Task instructions »
From the material below, copy exactly the lines beginning with the one that contains "KTM super sports" and ending with the one that contains "Top picture icelandic sheepskin."; the pictures stay out.

Data to use »
__________

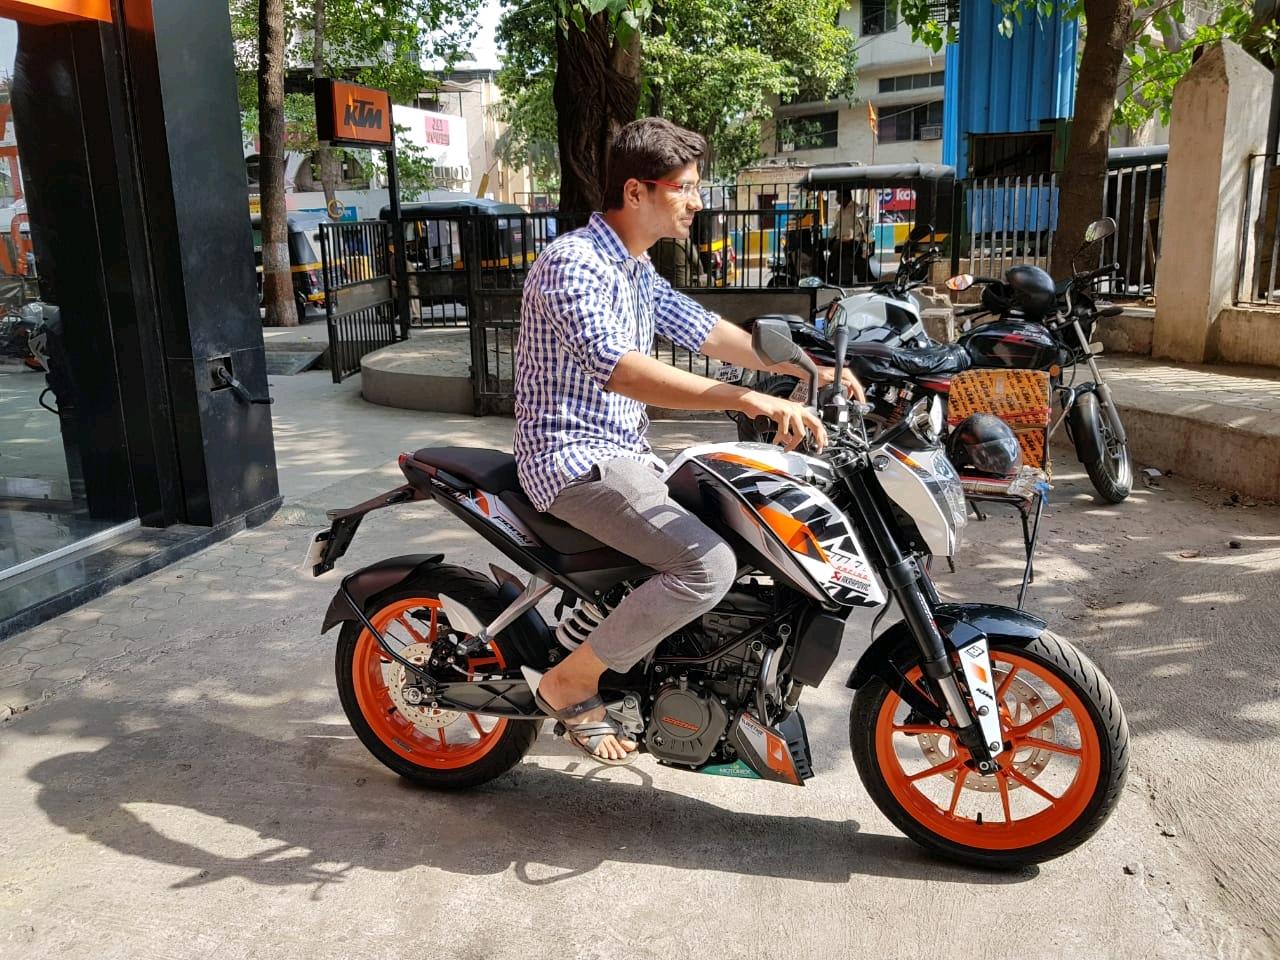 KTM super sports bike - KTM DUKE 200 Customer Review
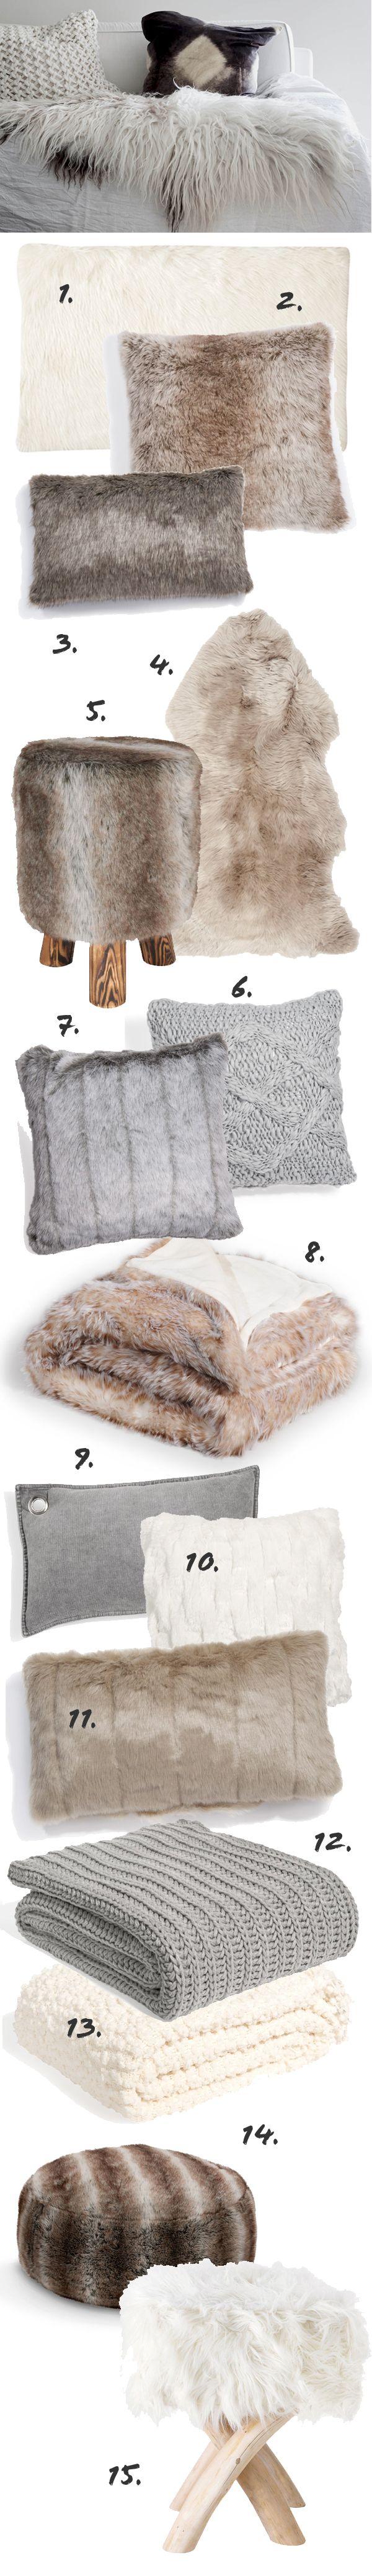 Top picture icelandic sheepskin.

__________

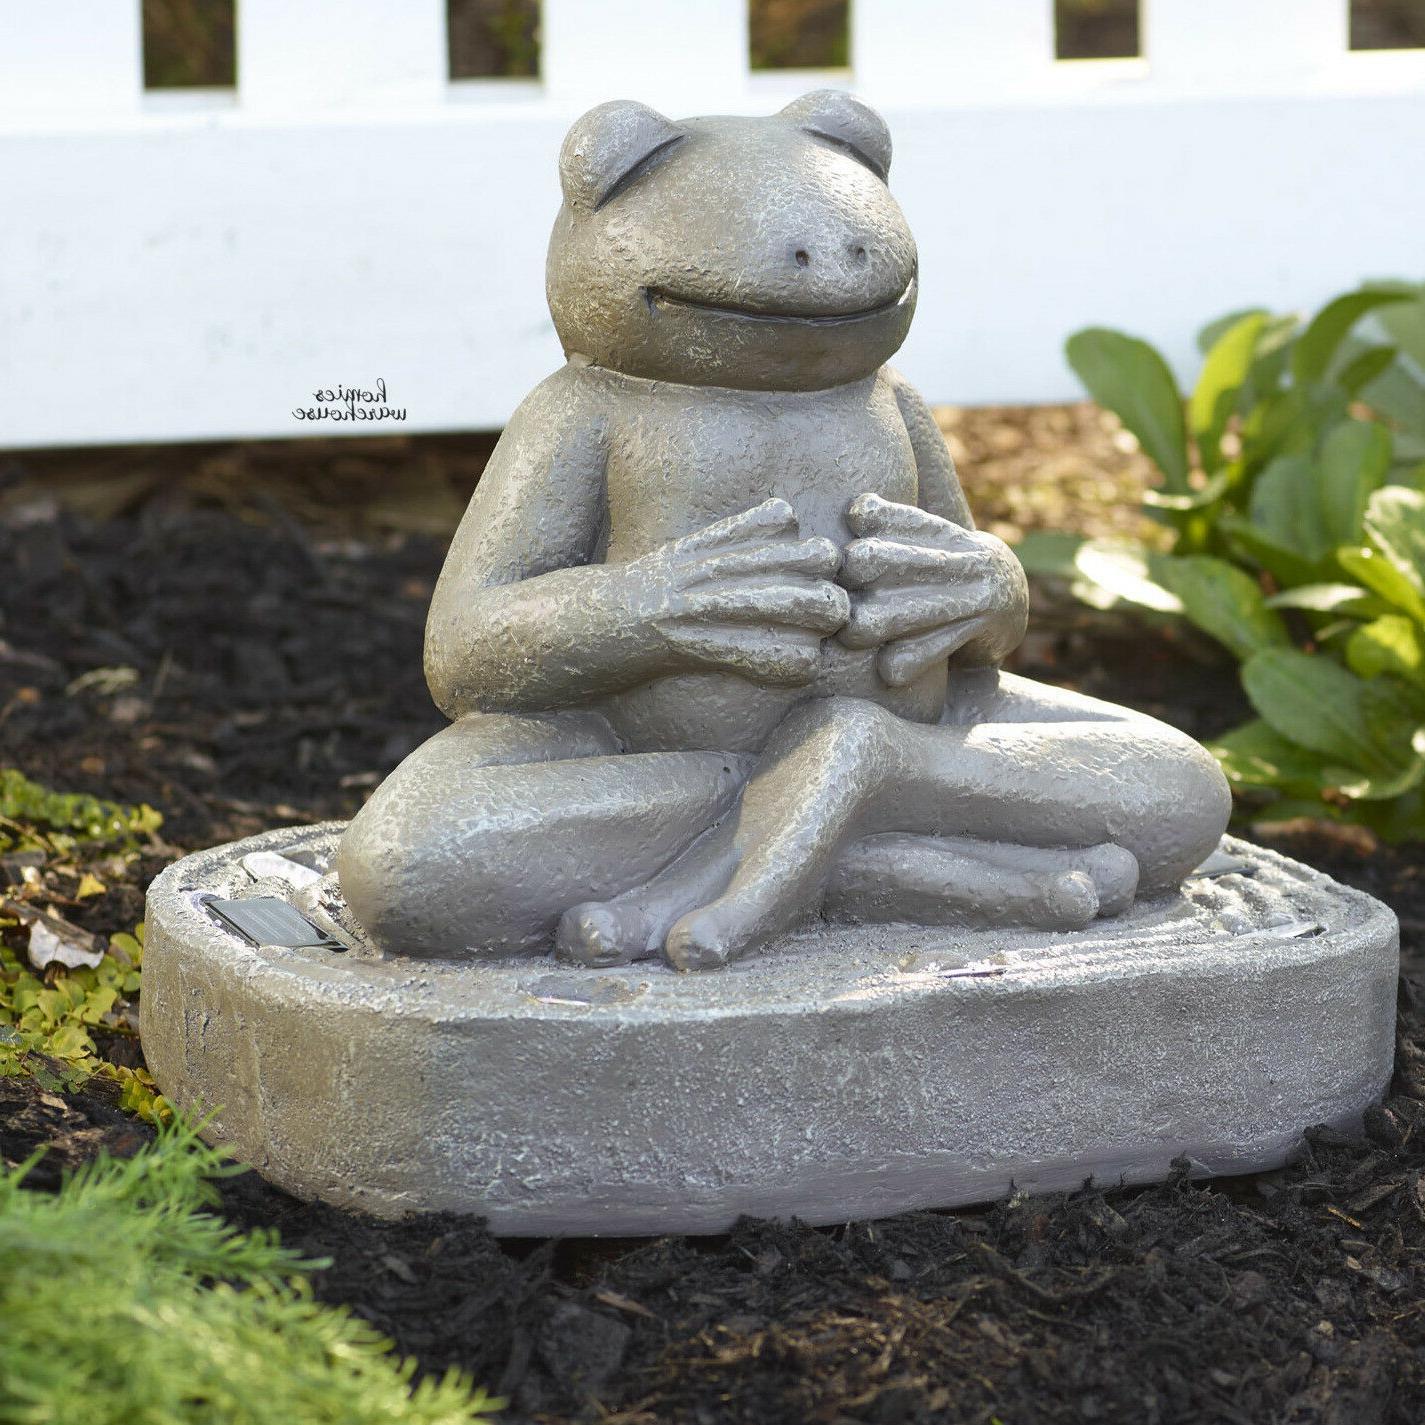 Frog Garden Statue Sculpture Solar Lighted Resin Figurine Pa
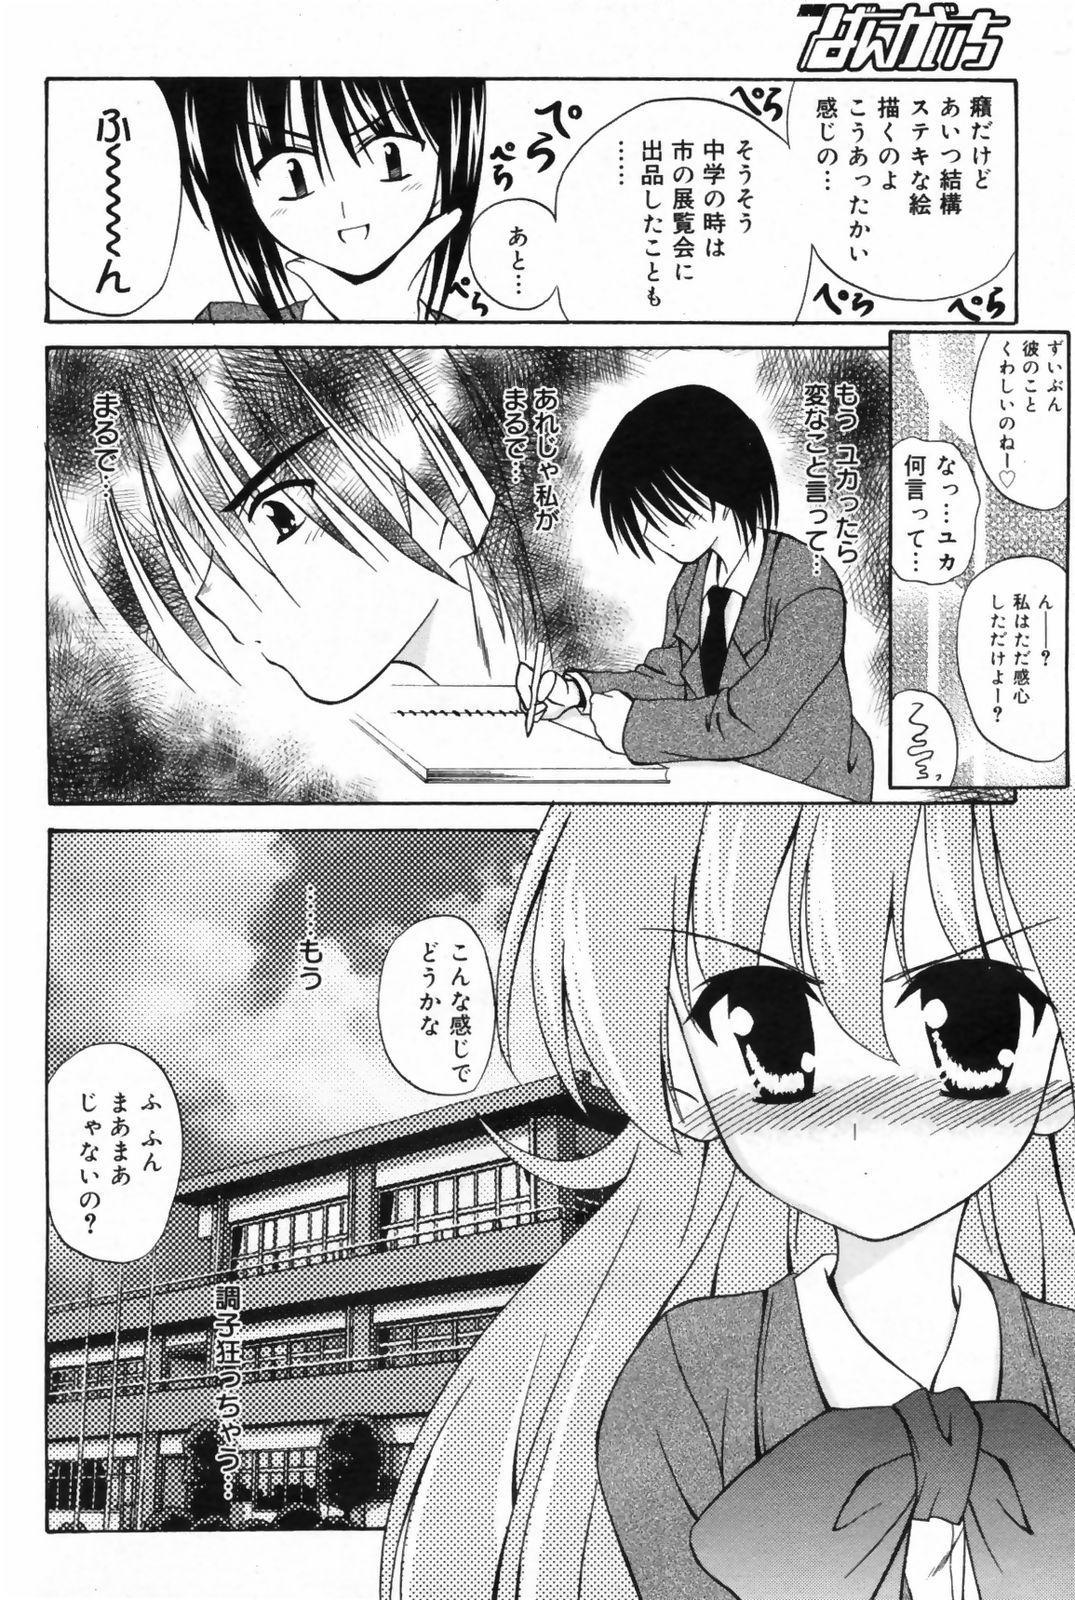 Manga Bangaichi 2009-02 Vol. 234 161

__________

Response for this exercise »
 KTM super sports bike - KTM DUKE 200 Customer Review
 Top picture icelandic sheepskin.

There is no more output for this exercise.